◆ **Activity**: Only an exact copy of the lines from the one containing "Vintage Wood Chinoiserie" through the last line of the material below belongs in the answer, with no pictures.

◆ **Data section**:
========================
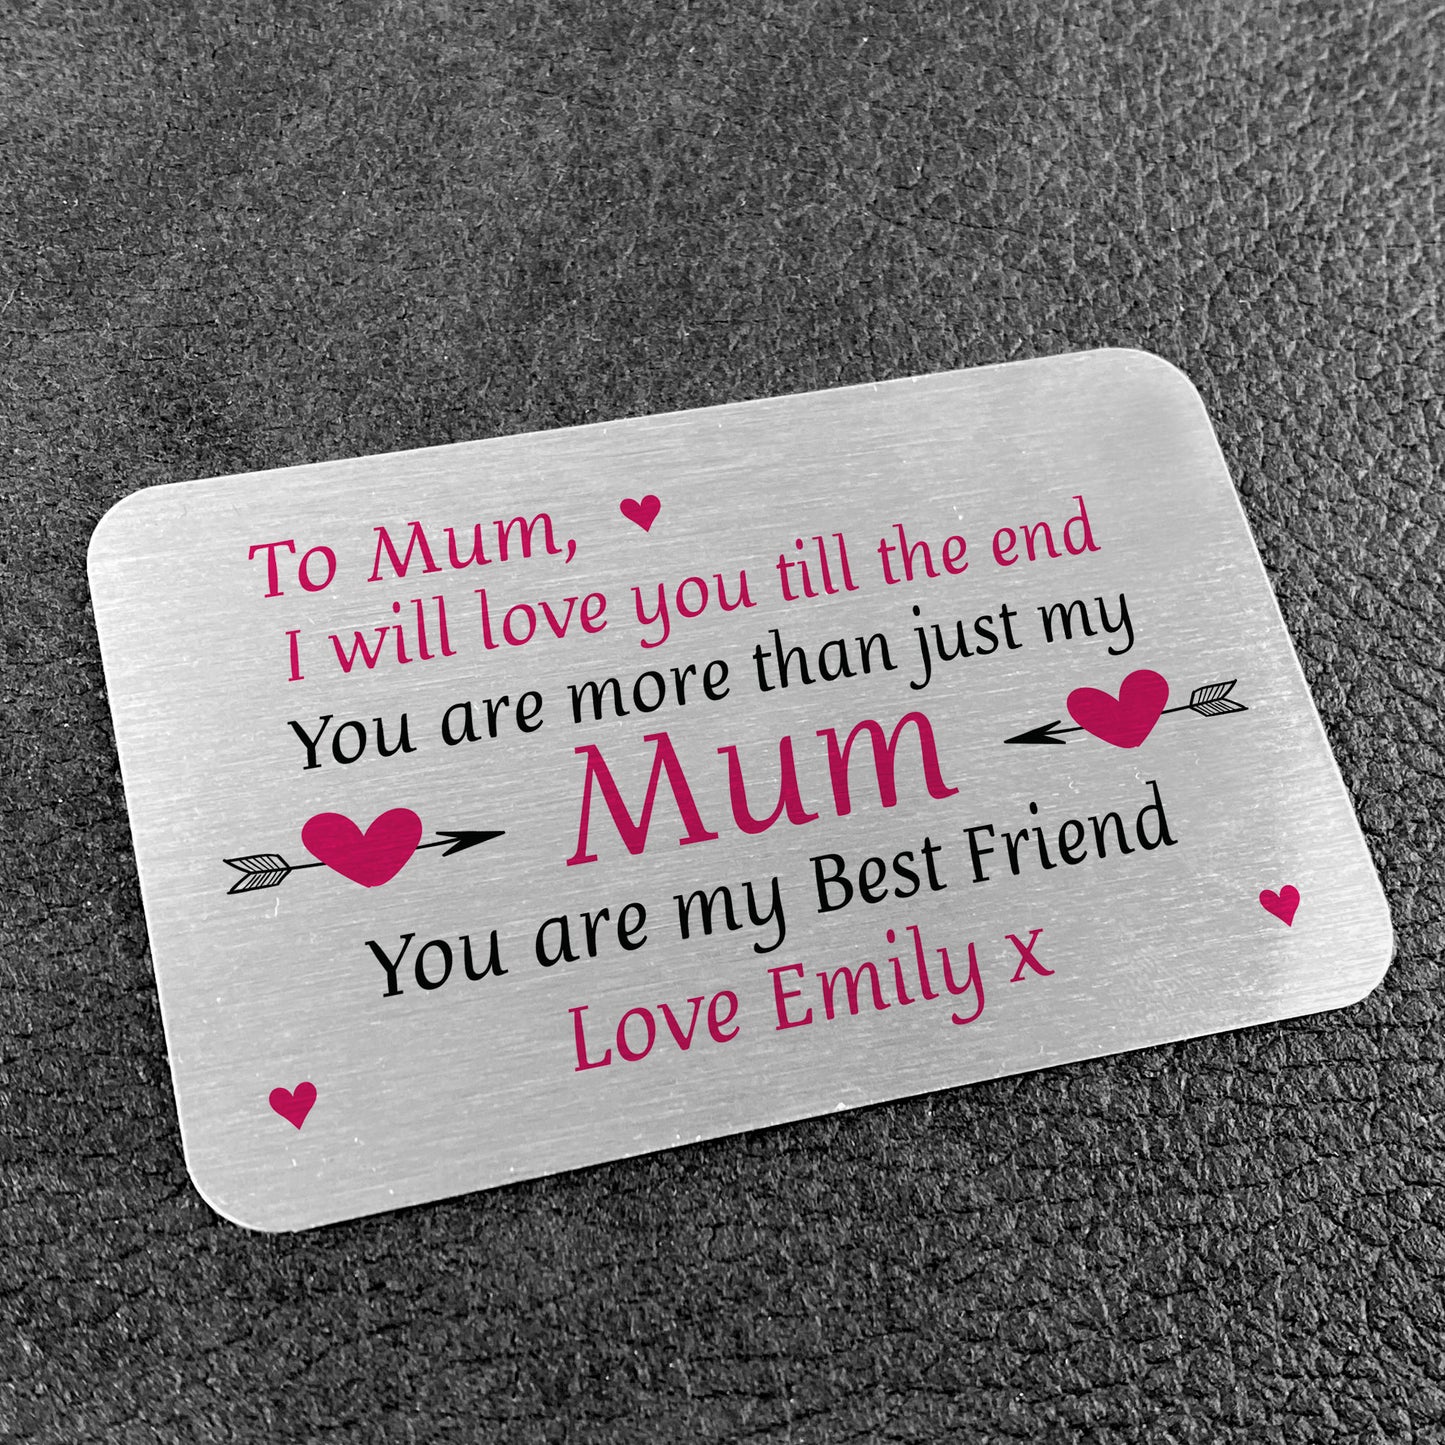 Mum Gift For Mothers Day Birthday Best Friend Personalised
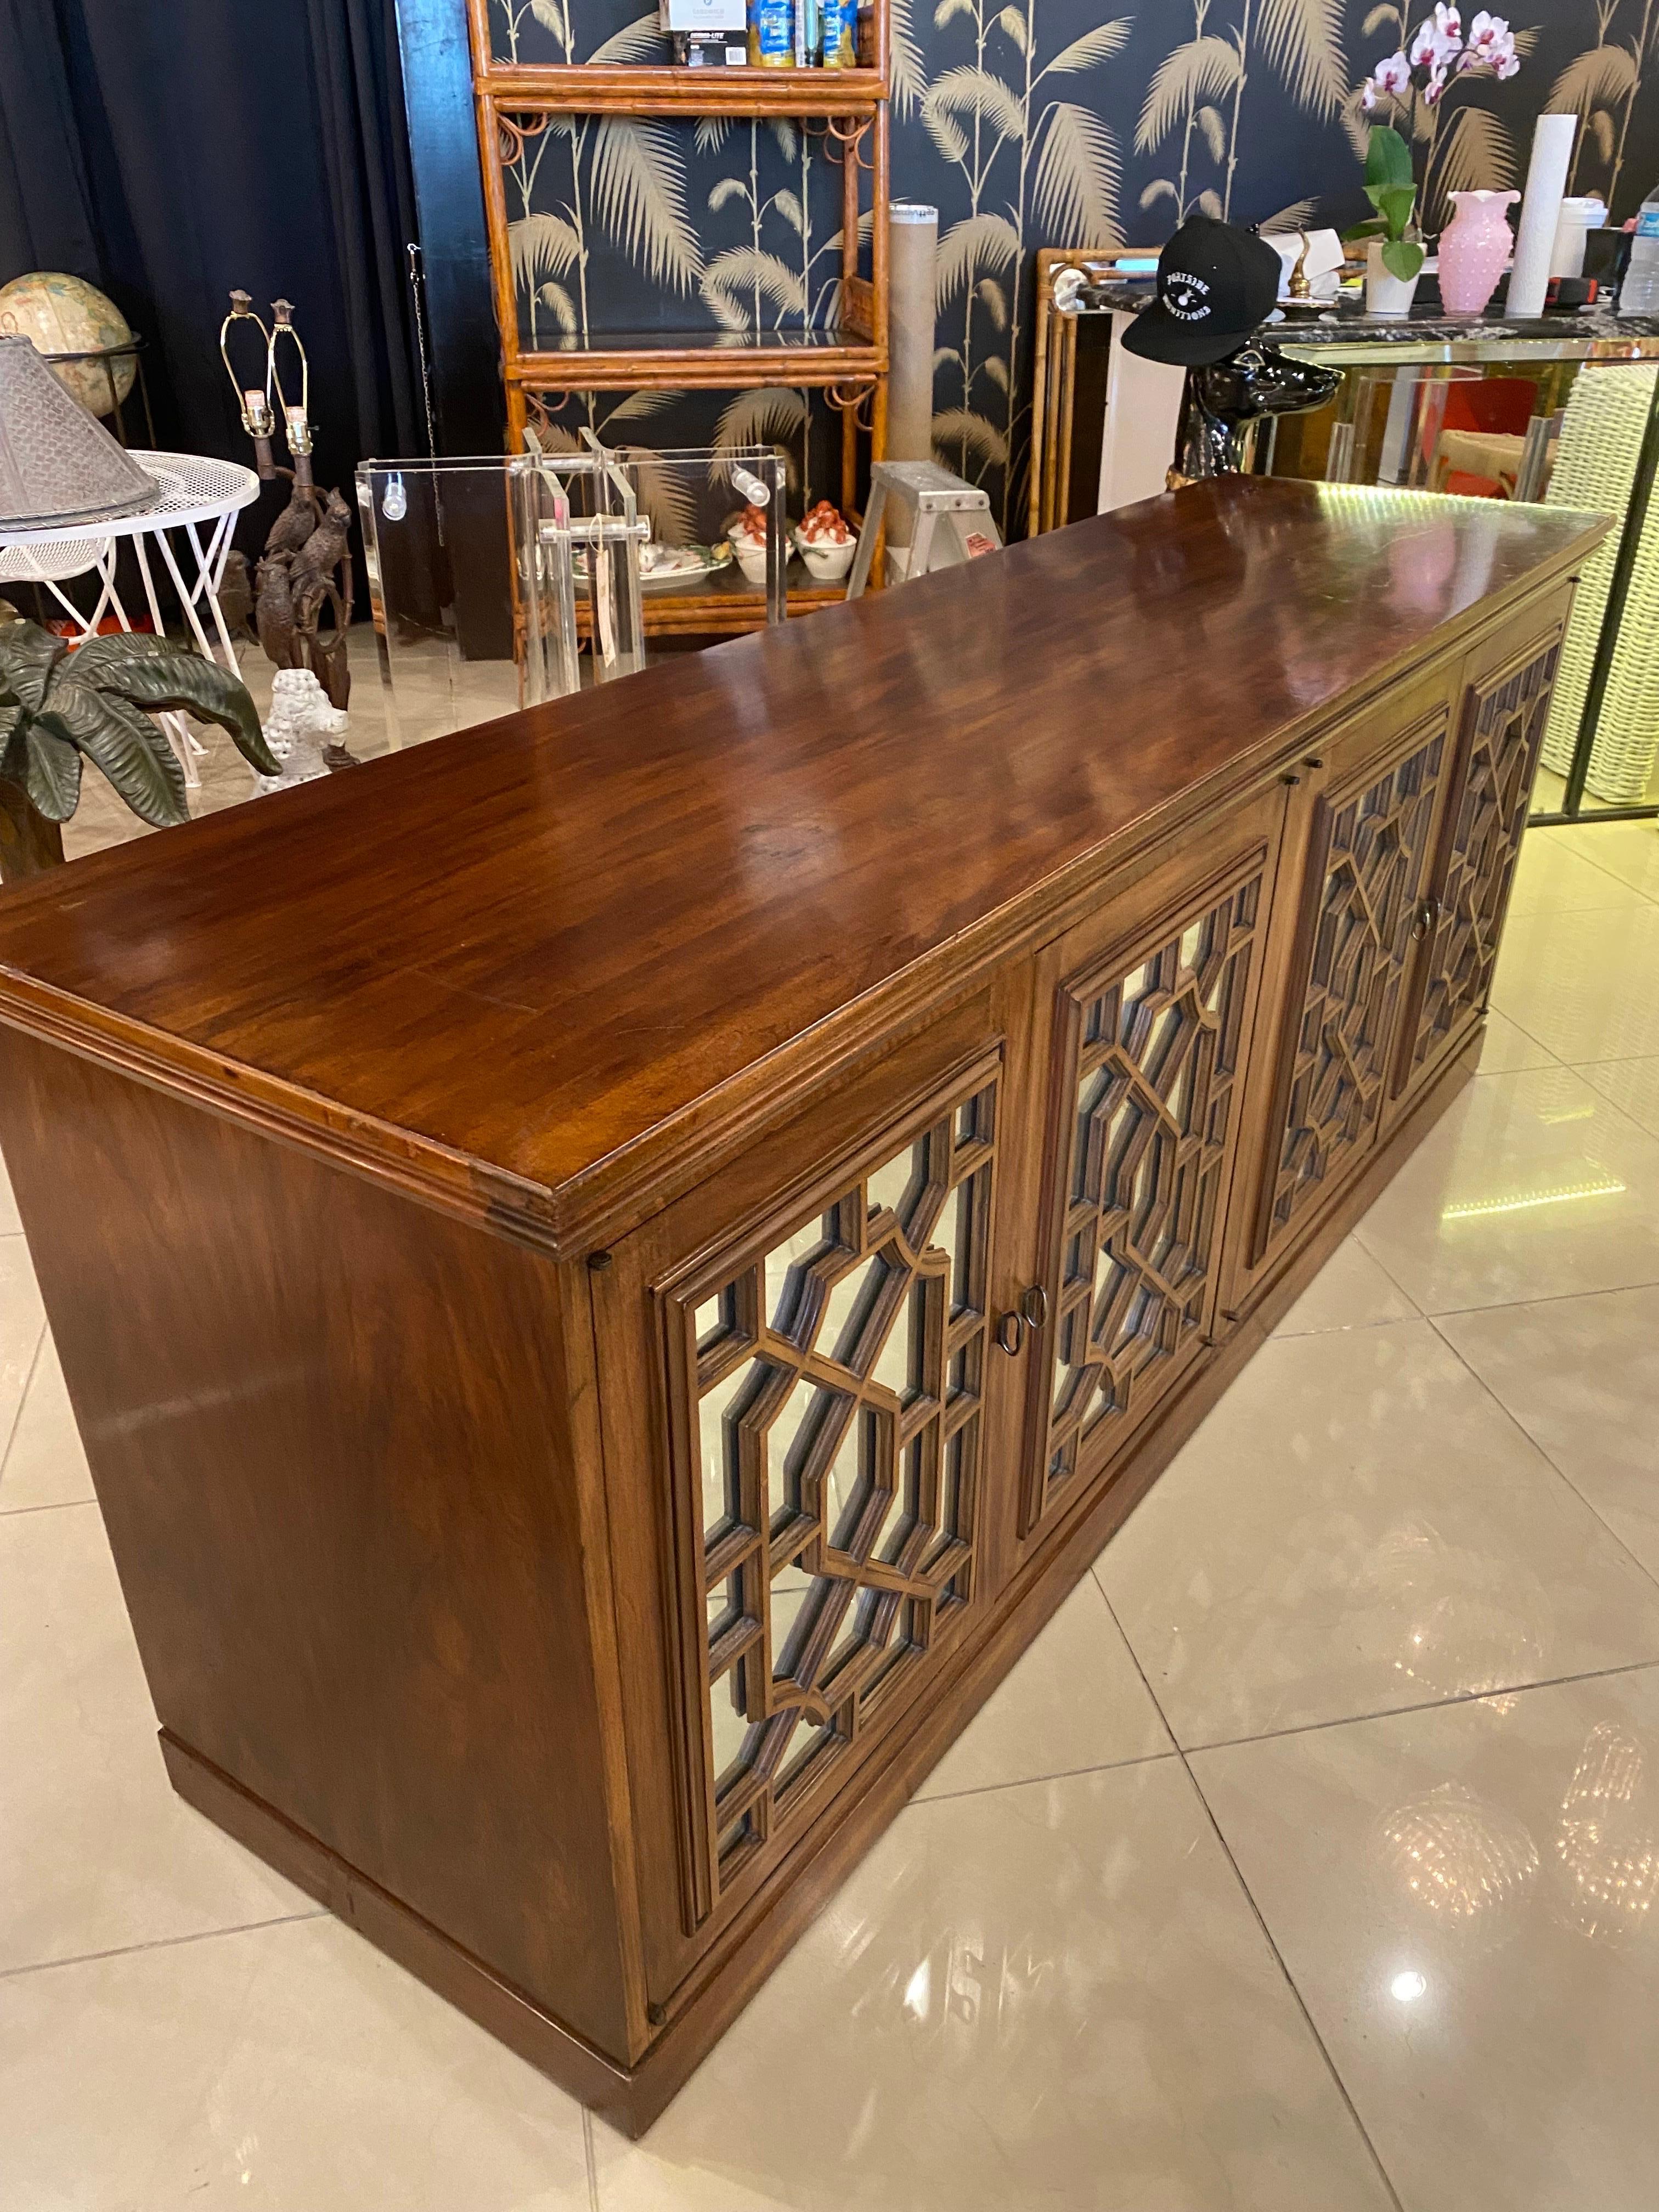 Vintage Wood Chinoiserie Fretwork Fret Mirrored Credenza Buffet Sideboard Doors For Sale 1
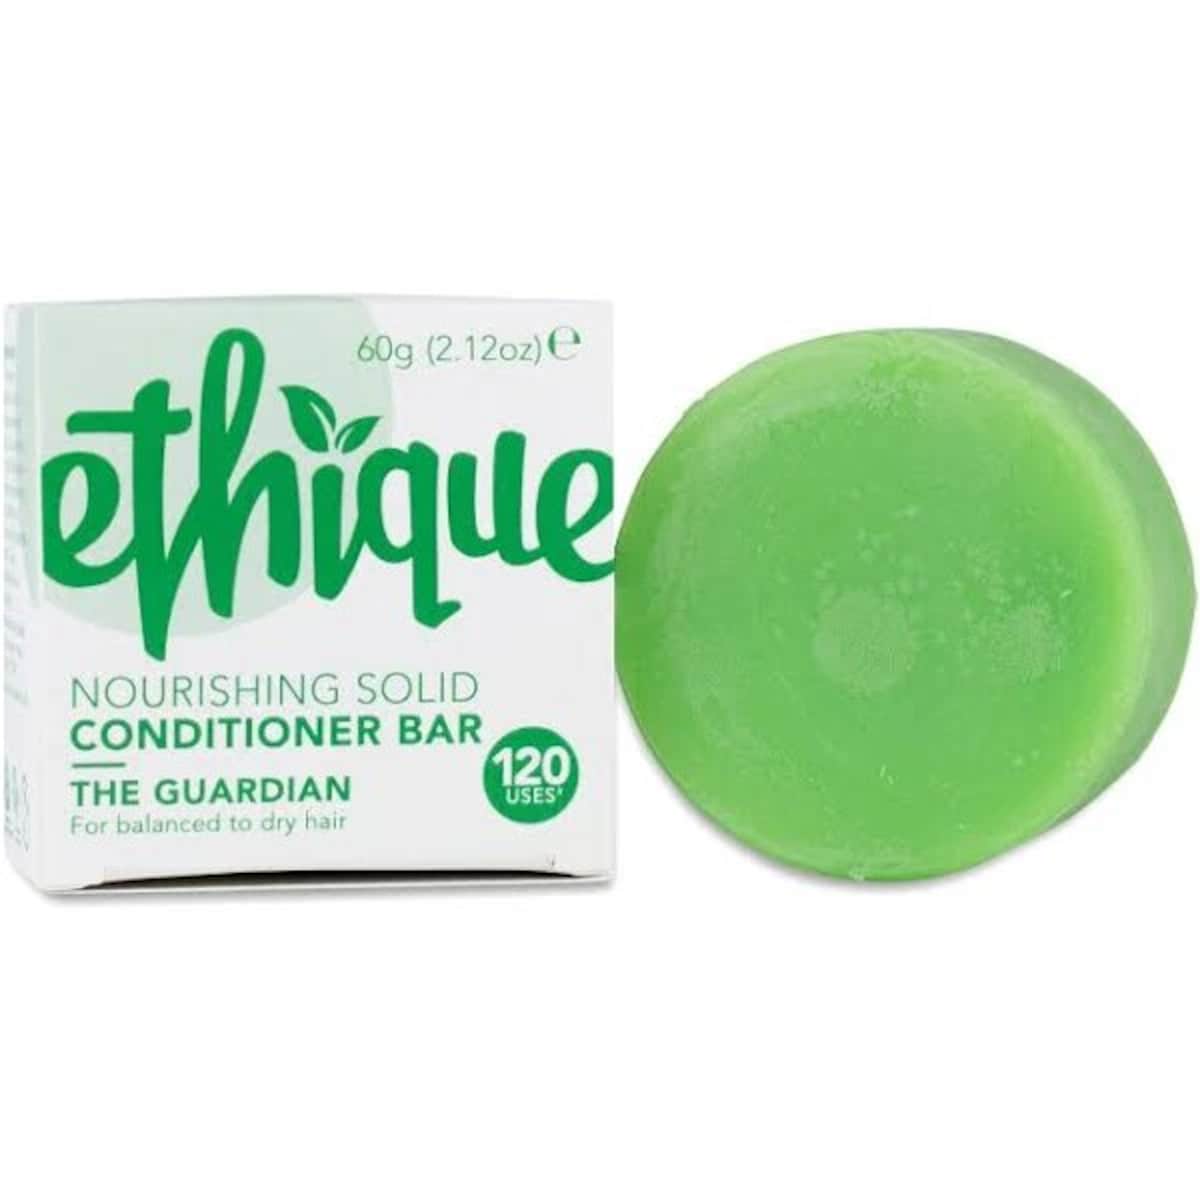 ETHIQUE Solid Conditioner Bar The Guardian Normal or Dry Hair 60g
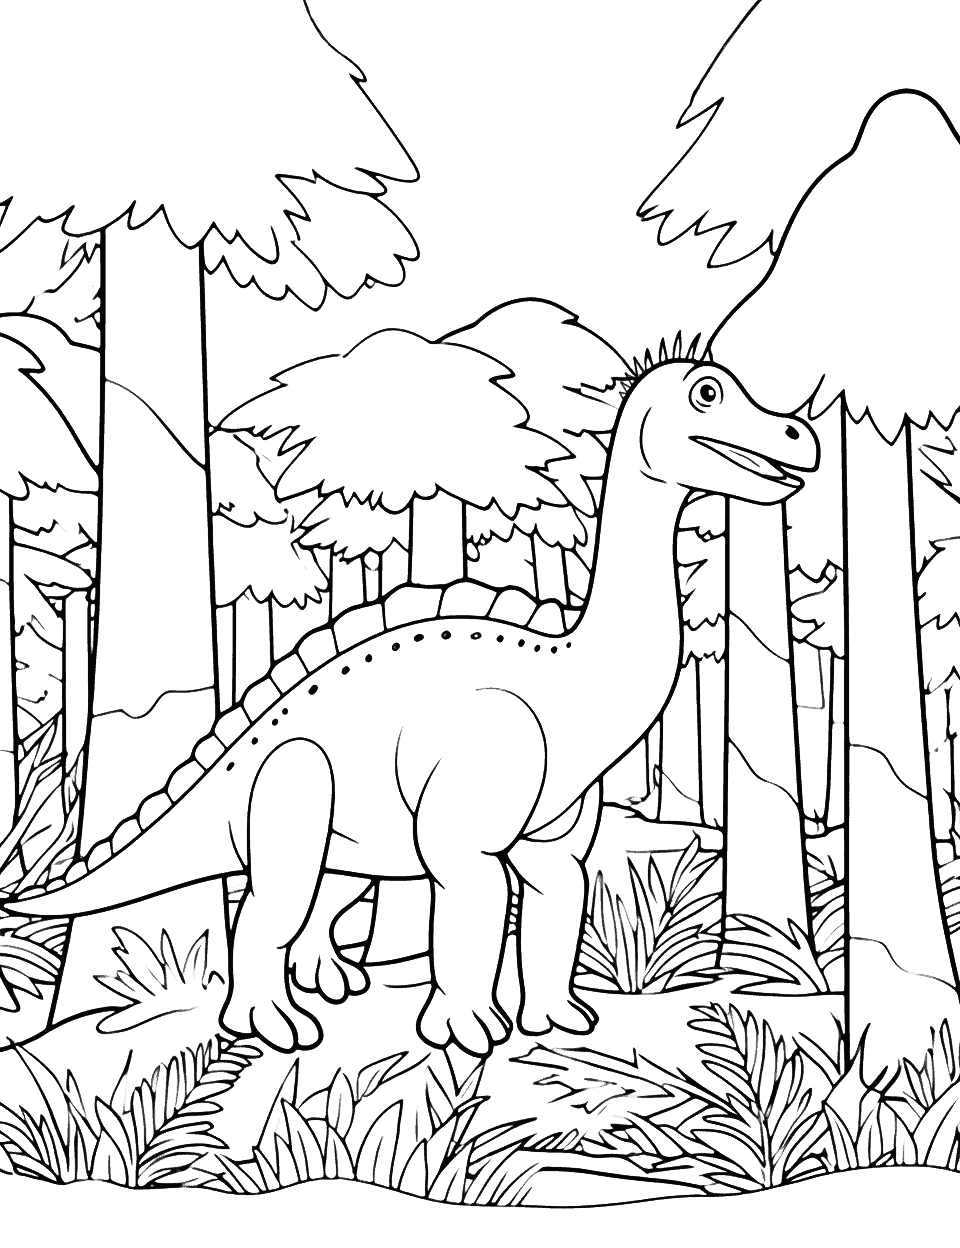 Parasaurolophus in the Forest Dinosaur Coloring Page - A Parasaurolophus calling to its herd in a dense forest.
========================
◆ **Answer to this problem**:
 Vintage Wood Chinoiserie Fretwork Fret Mirrored Credenza Buffet Sideboard Doors For Sale 1
 ETHIQUE Solid Conditioner Bar The Guardian Normal or Dry Hair 60g
 Parasaurolophus in the Forest Dinosaur Coloring Page - A Parasaurolophus calling to its herd in a dense forest.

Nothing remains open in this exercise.